Influence of Subtype and Duration on the Se Status of Patients with CD

Gentschew et al¹³ compared serum Se levels between subphenotypes of CD: ileal versus only colonic involvement as well as stricturing and inflammatory (nonstricturing, nonpenetrating) versus penetrating (fistulizing) behavior was associated with significantly lower Se levels. Geerling et al²⁵ analyzed blood micronutrient concentrations in recently diagnosed patients with CD in remission and in those who had the disease for >5 years²⁷ and >10 years²⁶ and who were also currently in remission. Irrespective of the duration of the disease, Se status was lower in patients with CD compared with the respective control groups of the 3 studies. Patients with CD assessed within 6 months after initial diagnosis exhibited mean serum Se concentrations (and GPx activities) of 72.6 μg/L (786 U/mmol Hb) versus 78.2 μg/L (949 U/mmol Hb) in controls (age- and sex-matched volunteers with no history of IBD).²⁵ These differences between disease and control group were very similar to those found in patients with long-standing CD and their respective control groups: serum Se 71.9 μg/L (serum GPx activity 778 U/mmol Hb) for CD >5 years versus 79.7 μg/L and 972 U/mmol Hb in controls (age- and sex-matched volunteers with no history of IBD),²⁷ and 67.9 μg/L (768 U/mmol Hb) for CD >10 years versus 81.3 μg/L (967 U/mmol Hb) in healthy controls.²⁶ This suggests that a low Se status is manifested early in CD and not a mere consequence of the progression of the disease. However, one study reported significantly lower serum Se levels of patients with CD who were diagnosed before the age of 40 years were compared with those diagnosed after the age of 40 years.¹³ This report however did not specify whether the CD subgroups were matched for age at time of serum sampling.

Se Status in UC

Reports of Se status in UC are less consistent than for CD, but generally, the Se status seems to be less affected or unaffected in patients with UC (Table 1). One study found slightly but significantly lower serum Se concentration in recently diagnosed patients with UC in remission compared with controls (P < 0.05),²⁵ whereas 2 other case–control studies conducted in Norway and in Japan reported similar levels of serum Se^22,23 and serum Sepp1²³ in UC cases compared with controls. Furthermore, serum Sepp1 levels were not affected by UC disease activity in the latter study. Former patients with UC who had undergone ileal pouch-anal anastomosis surgery, which removes most of the large bowel, did not significantly differ in their mean plasma Se levels and erythrocyte GPx activities from healthy controls.³² Together with the observations in patients with CD, this reinforces that most of the dietary Se is absorbed through the small bowel.

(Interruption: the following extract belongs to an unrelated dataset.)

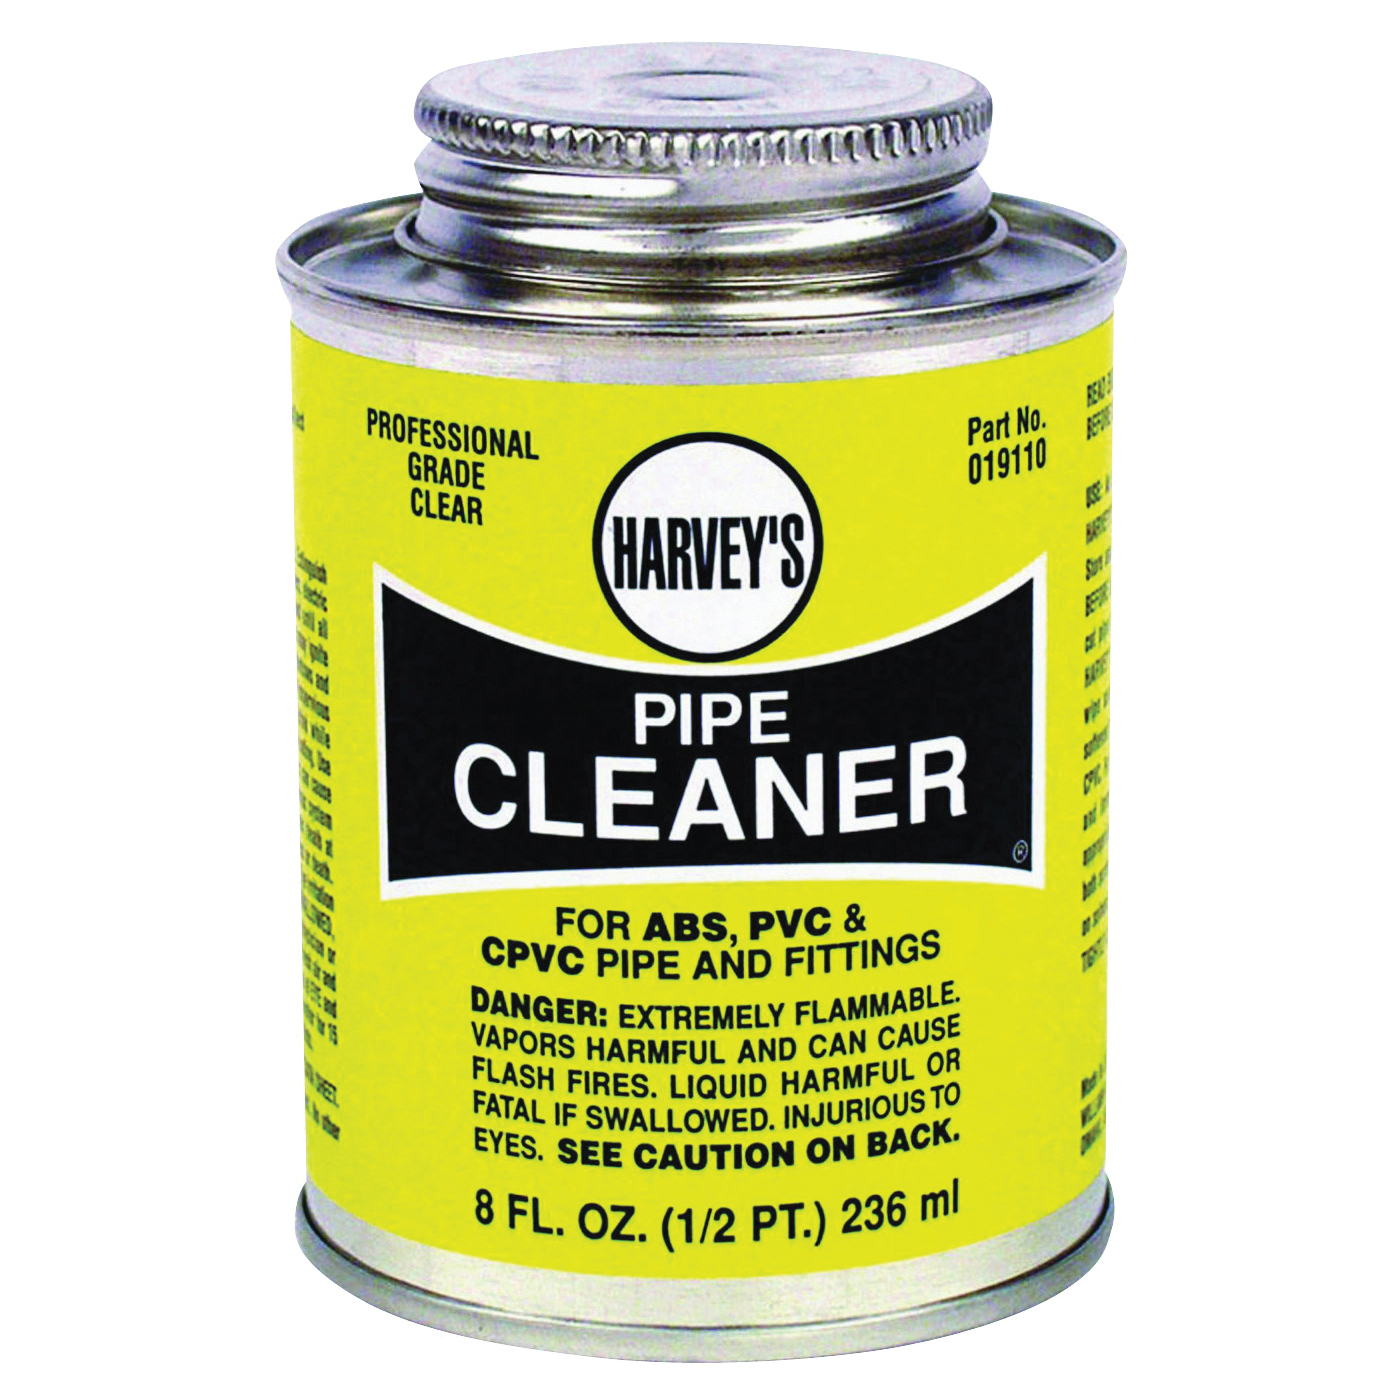 019110-24 Pipe Cleaner, Liquid, Clear, 8 oz Can
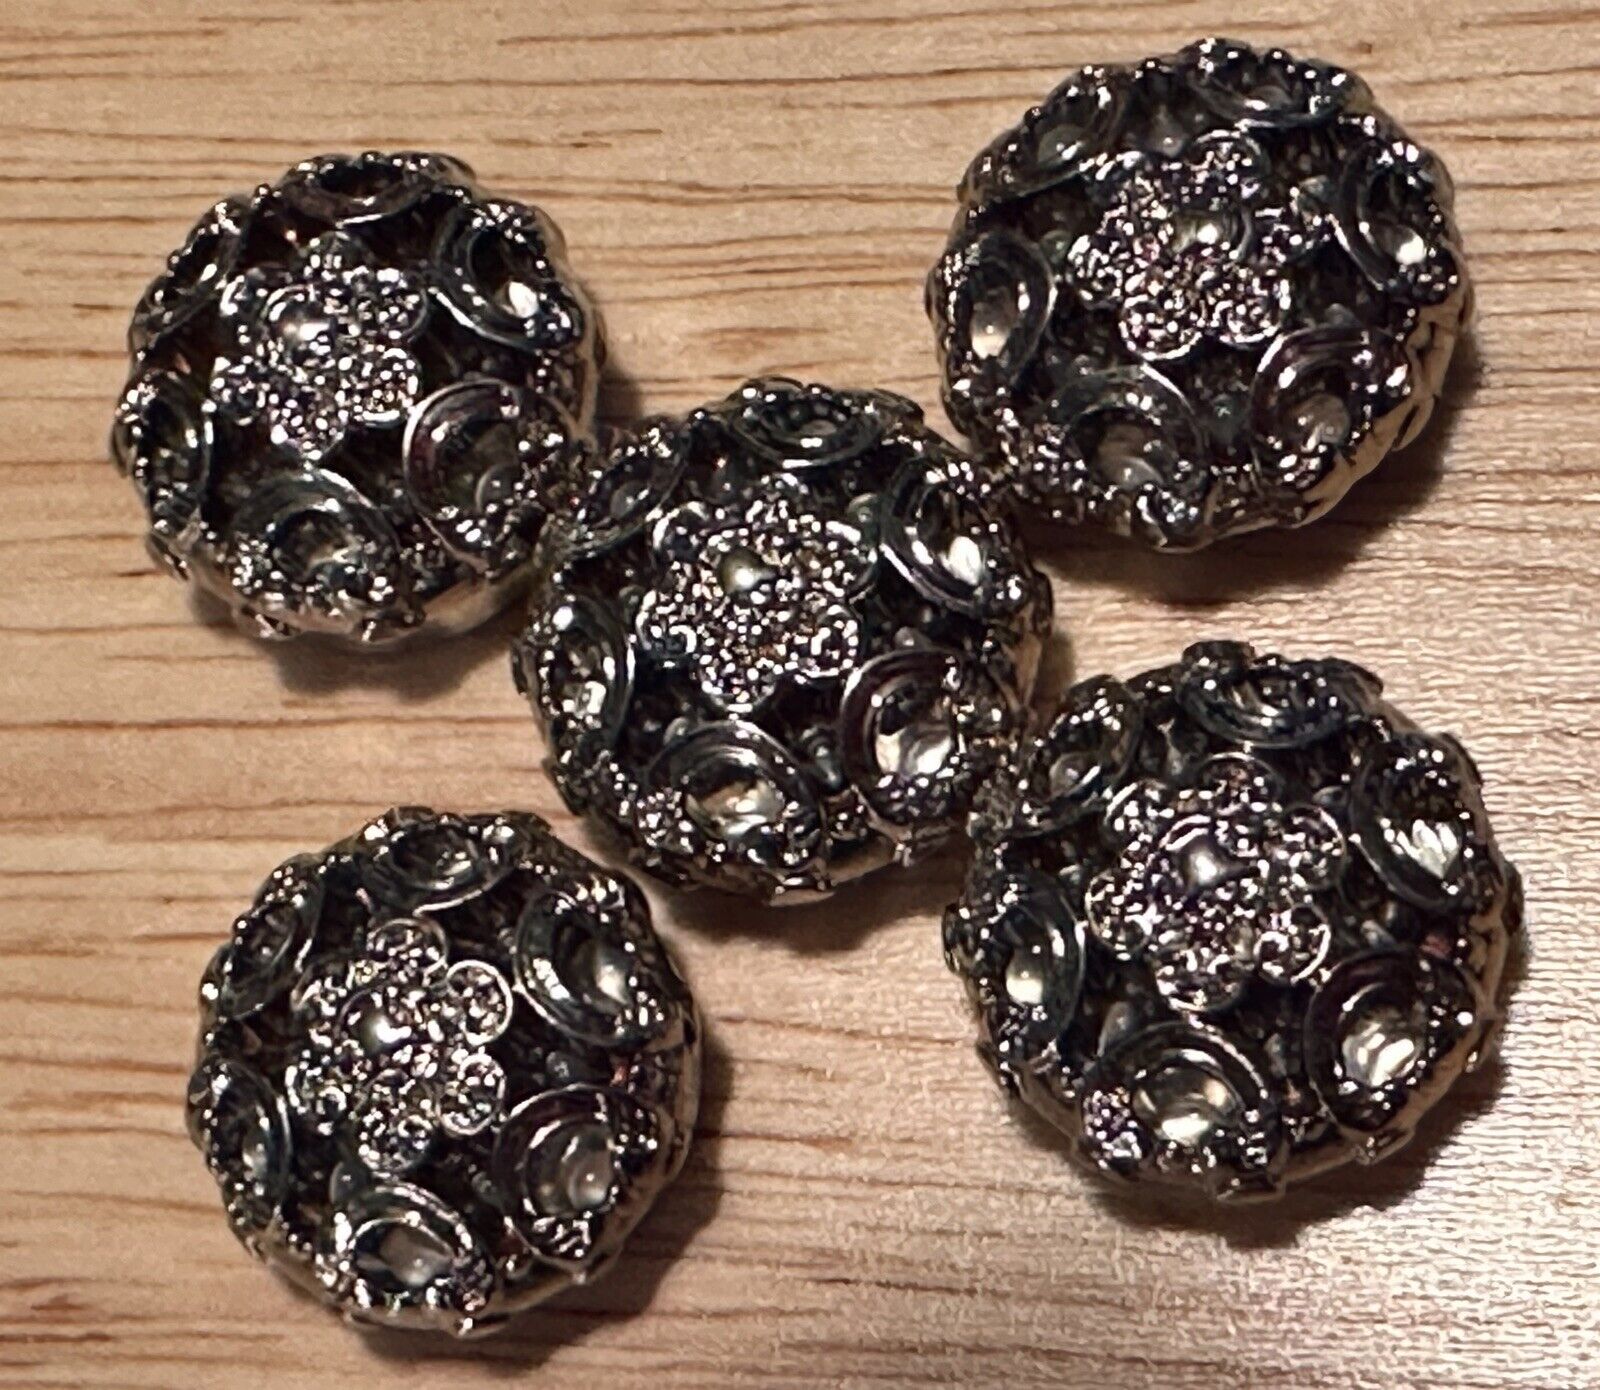 Lot of 5 of  Silver Tone Filigree Floral Ornate Artsy Boho Metal Button Covers

Evidence for Beneficial Effects of Se and Selenoproteins on Intestinal Inflammation

Animal Studies

Se supplementation has been shown to be beneficial in a variety of different experimental settings of colitis in rodent animal models (Table 2).^7,14,33,34 In these experiments, wild-type or selenoprotein knockout animals were fed with diets of different Se content ranging from deficient-to-adequate and supranutritional levels. Thereafter, colitis was induced, and the cohorts were compared for colitis scores, markers of inflammation, extent of tissue damage, etc. The above-mentioned studies differ in the Se status of their animal cohorts, the Se compounds used for supplementation, the duration of supplementation, and the protocols for induction of colitis.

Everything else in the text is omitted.